[Records drawn from a dataset]

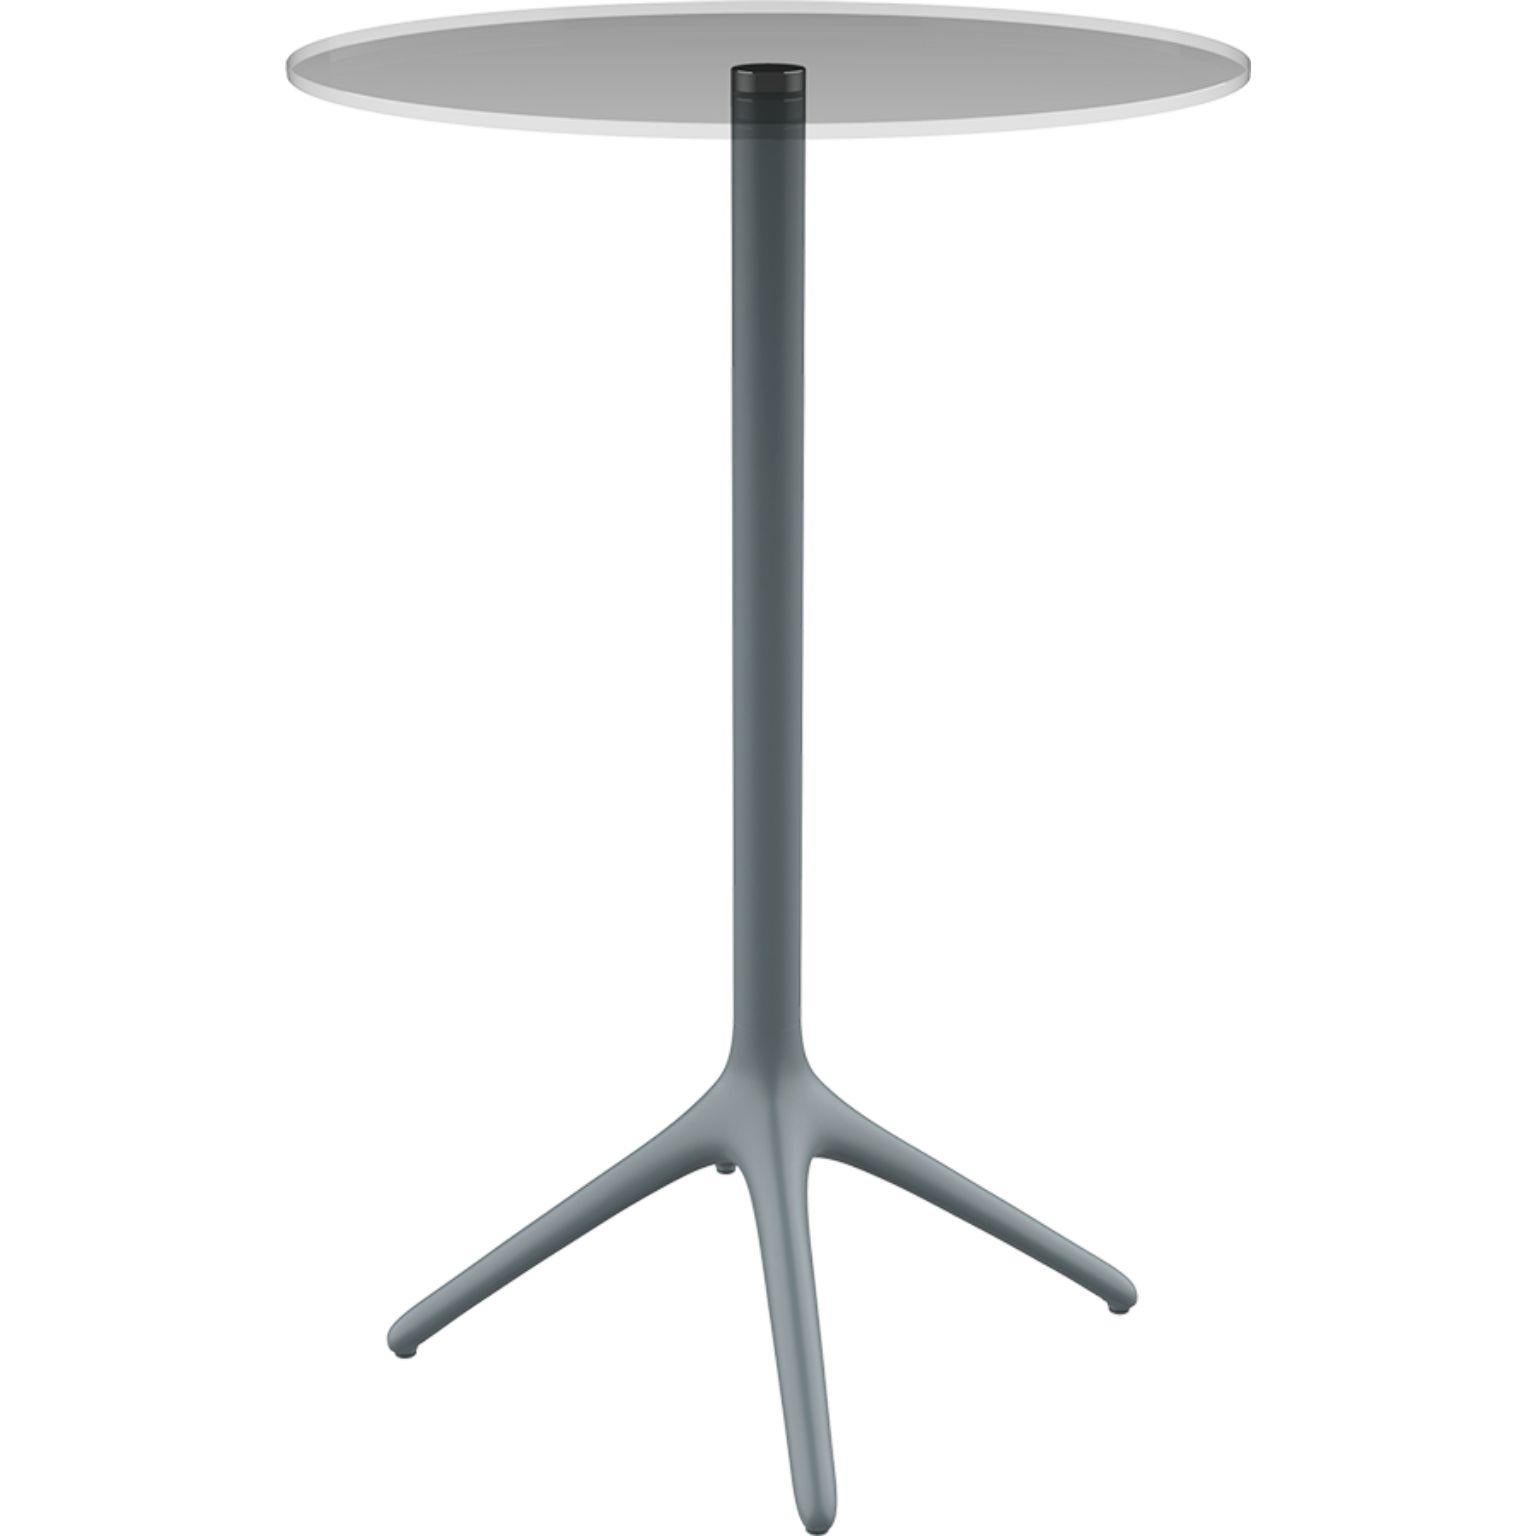 Uni grey table 105 by MOWEE
Dimensions: D 45.5 x H 105 cm
Material: Aluminium, tempered glass
Weight: 6.2 kg
Also available in different colours and finishes. Collapsable version available.

A table designed to be as versatile as possible and

* Work task *
Repeat each line of the records exactly, dropping the pictures.

* Your response *
 Uni grey table 105 by MOWEE
Dimensions: D 45.5 x H 105 cm
Material: Aluminium, tempered glass
Weight: 6.2 kg
Also available in different colours and finishes. Collapsable version available.

A table designed to be as versatile as possible and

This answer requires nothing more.